DATA SHOWN:
+++

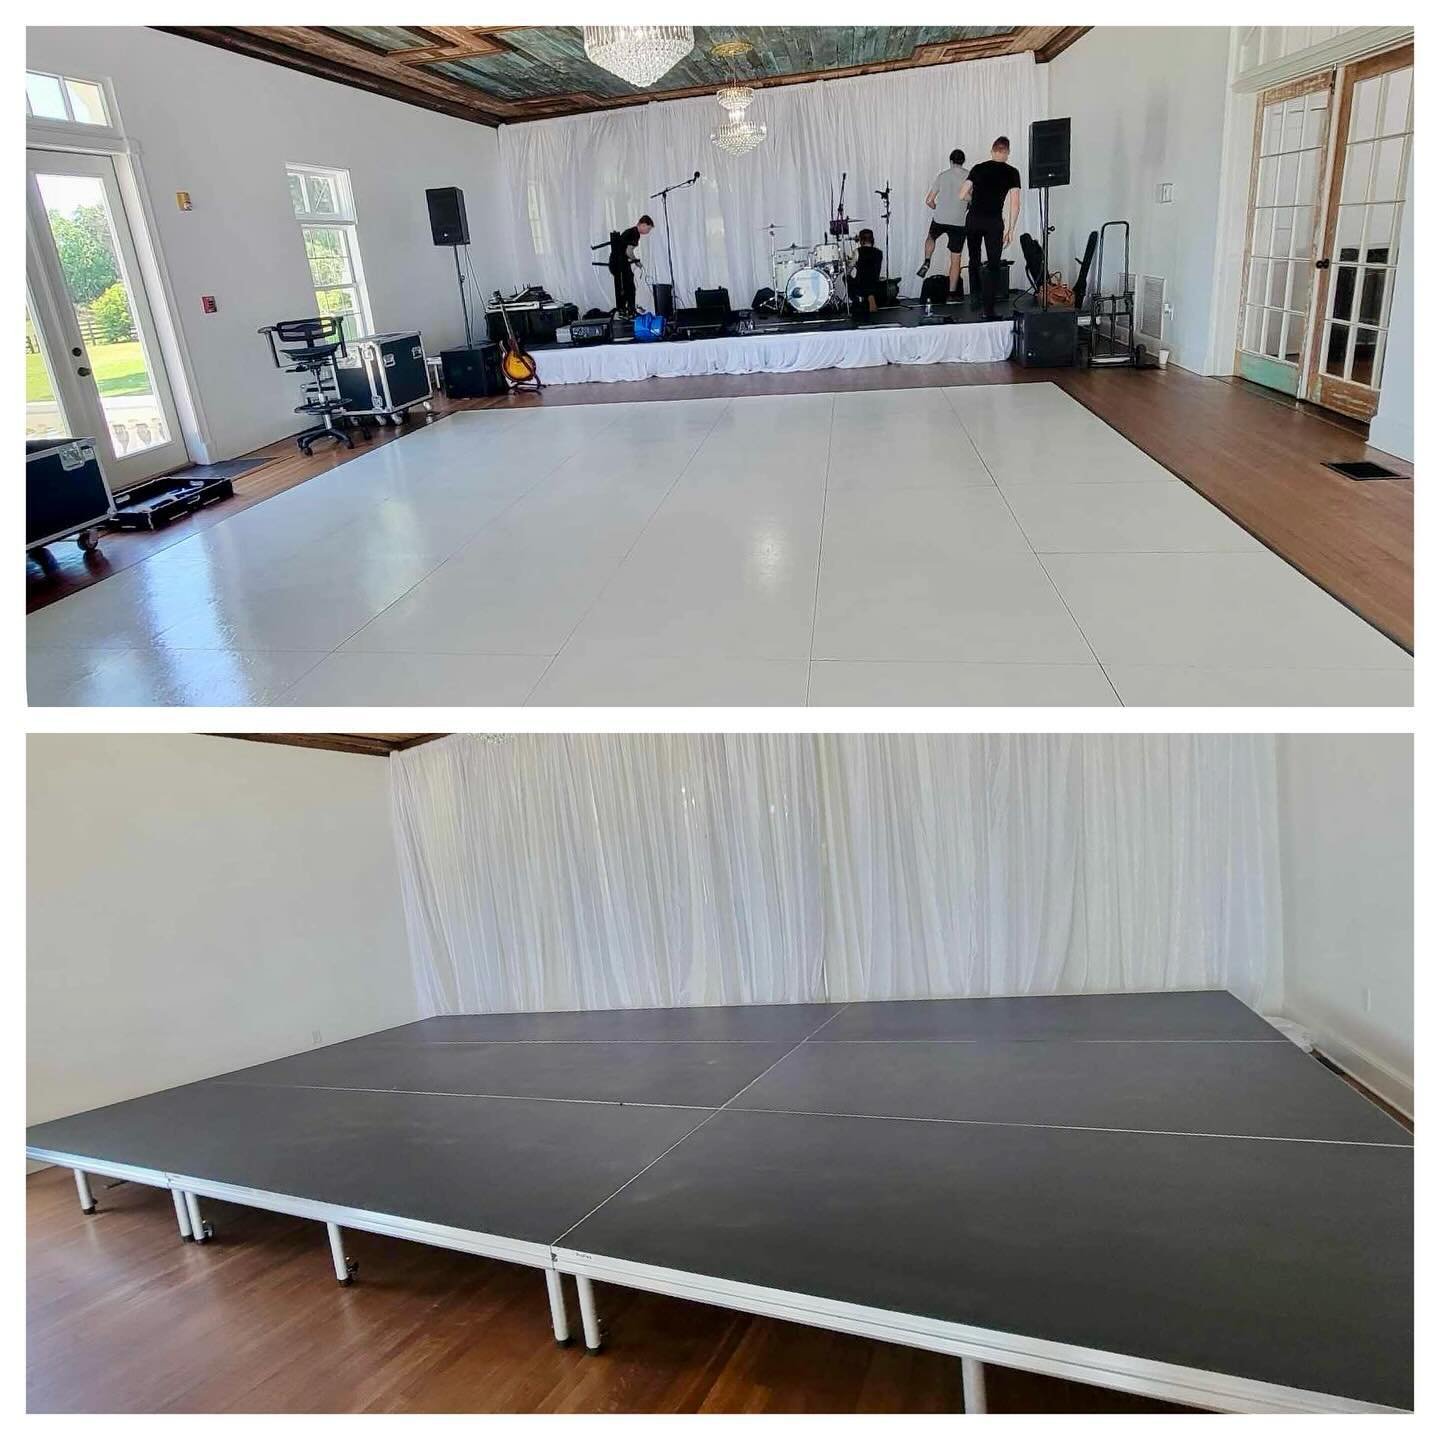 At Bella Cosa proving the 12x24 Stage, White Dance Floor, &amp; Draped Backdrop. Pleasure working with Across The Bay Rentals! &mdash;&mdash;&mdash;&mdash;&mdash;&mdash;&mdash;&mdash;&mdash;&mdash;&mdash;&mdash;&mdash;&mdash;&mdash;&mdash;&mdash;&mda
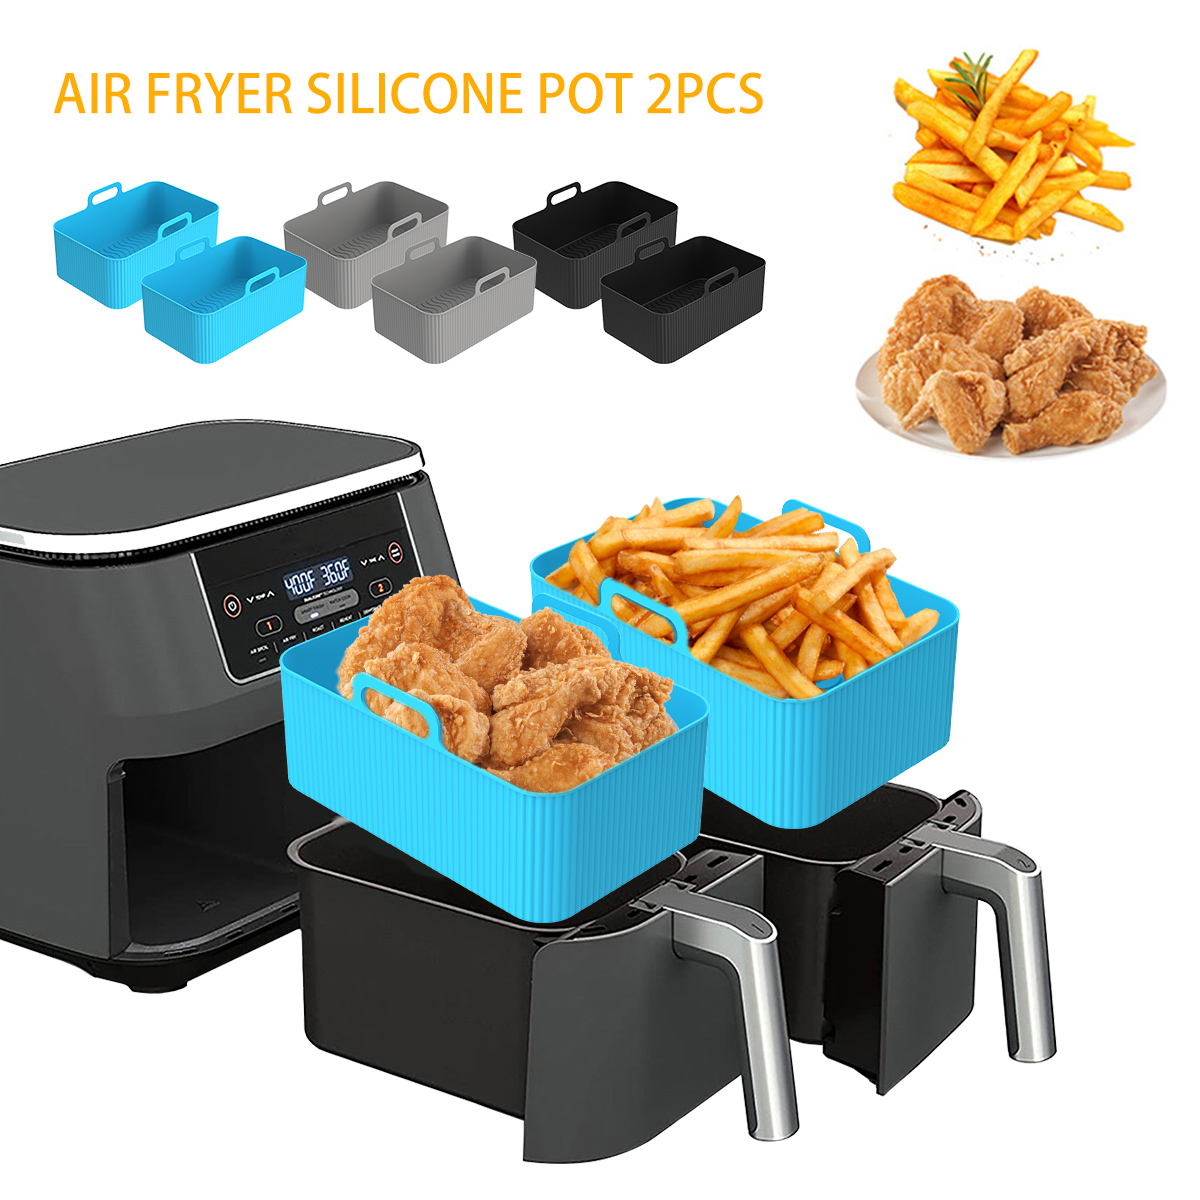 2 Pcs Silicone Air Fryer Liners for Ninja Foodi DZ201 DZ401 6-in-1
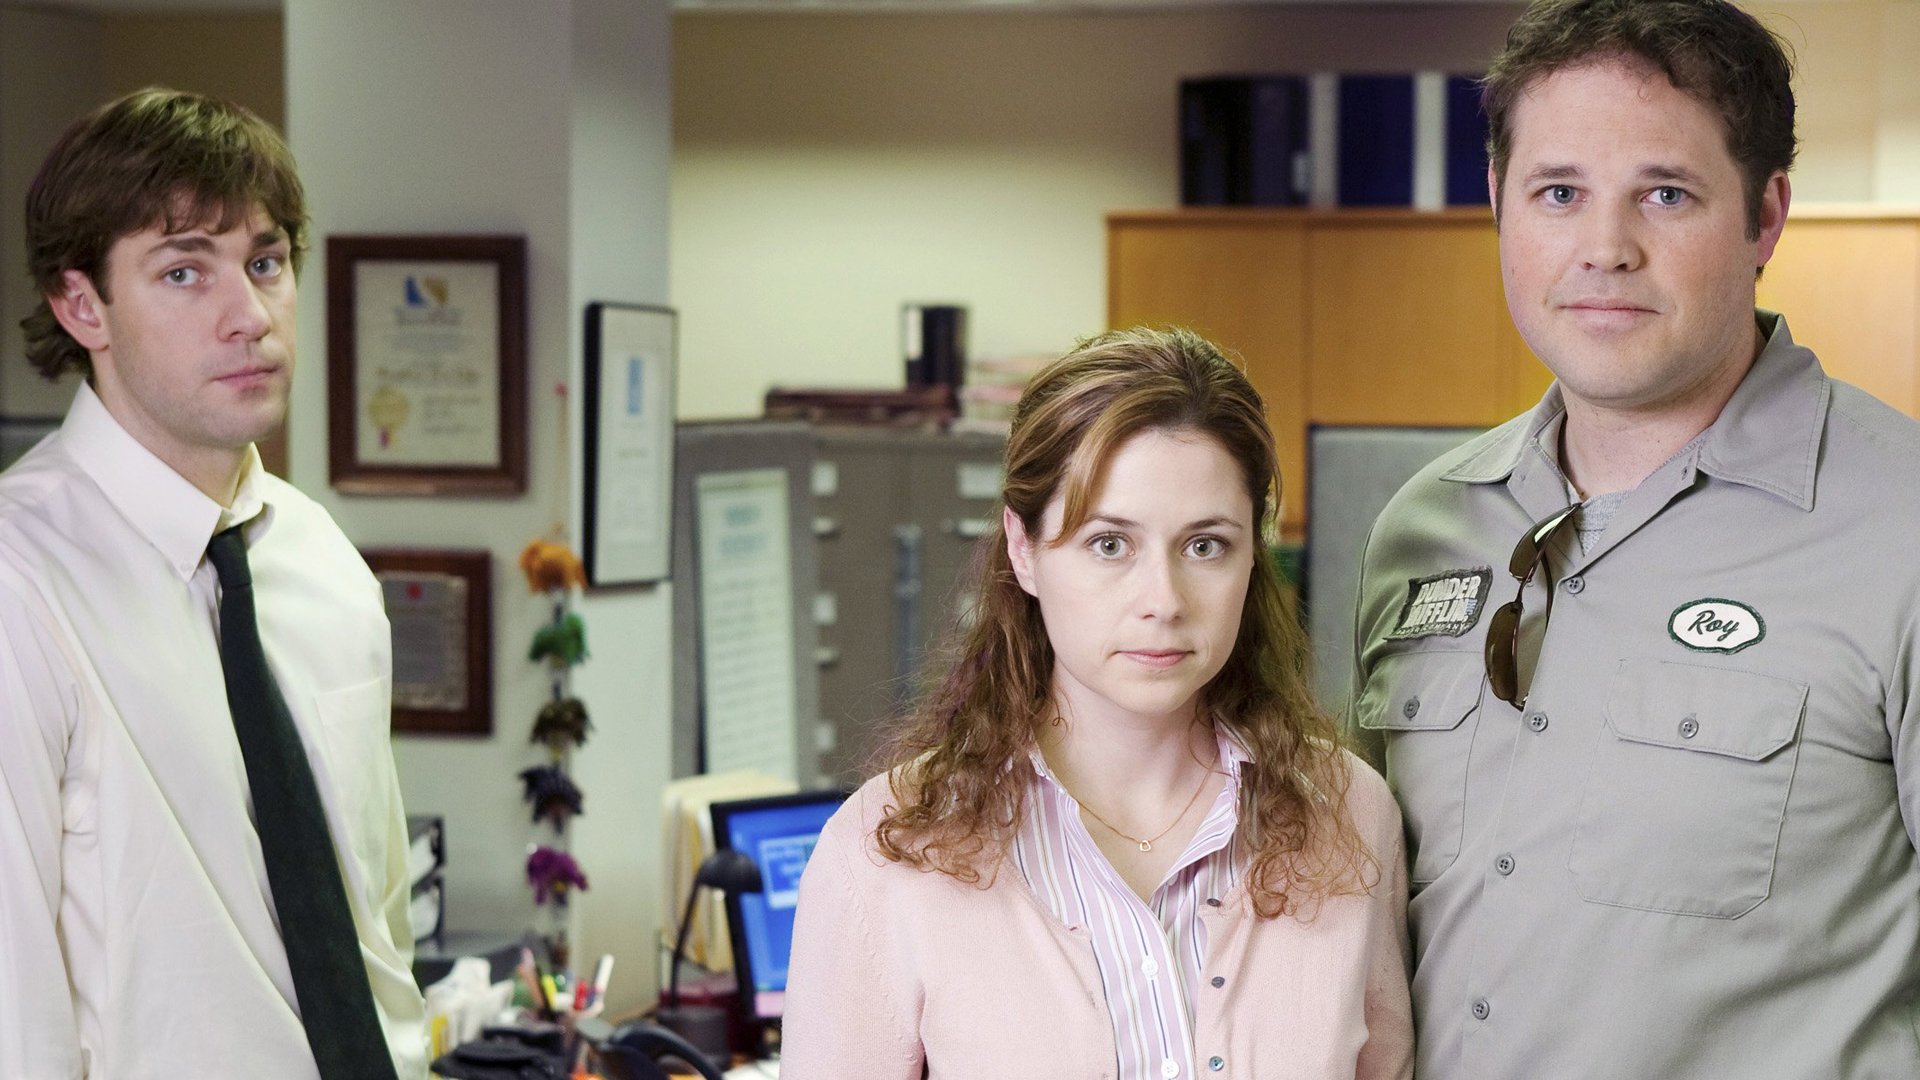 'The Office': Jenna Fischer's Pam and Roy Theory Is Wild, But We Could Totally See It Happening at the Time - Showbiz Cheat Sheet

+++

DIRECTIONS FOR THIS TASK: Your reply must match the data above line for line, except that it holds no pictures.

THE ANSWER:
 At Bella Cosa proving the 12x24 Stage, White Dance Floor, &amp; Draped Backdrop. Pleasure working with Across The Bay Rentals! &mdash;&mdash;&mdash;&mdash;&mdash;&mdash;&mdash;&mdash;&mdash;&mdash;&mdash;&mdash;&mdash;&mdash;&mdash;&mdash;&mdash;&mda
 2 Pcs Silicone Air Fryer Liners for Ninja Foodi DZ201 DZ401 6-in-1
 'The Office': Jenna Fischer's Pam and Roy Theory Is Wild, But We Could Totally See It Happening at the Time - Showbiz Cheat Sheet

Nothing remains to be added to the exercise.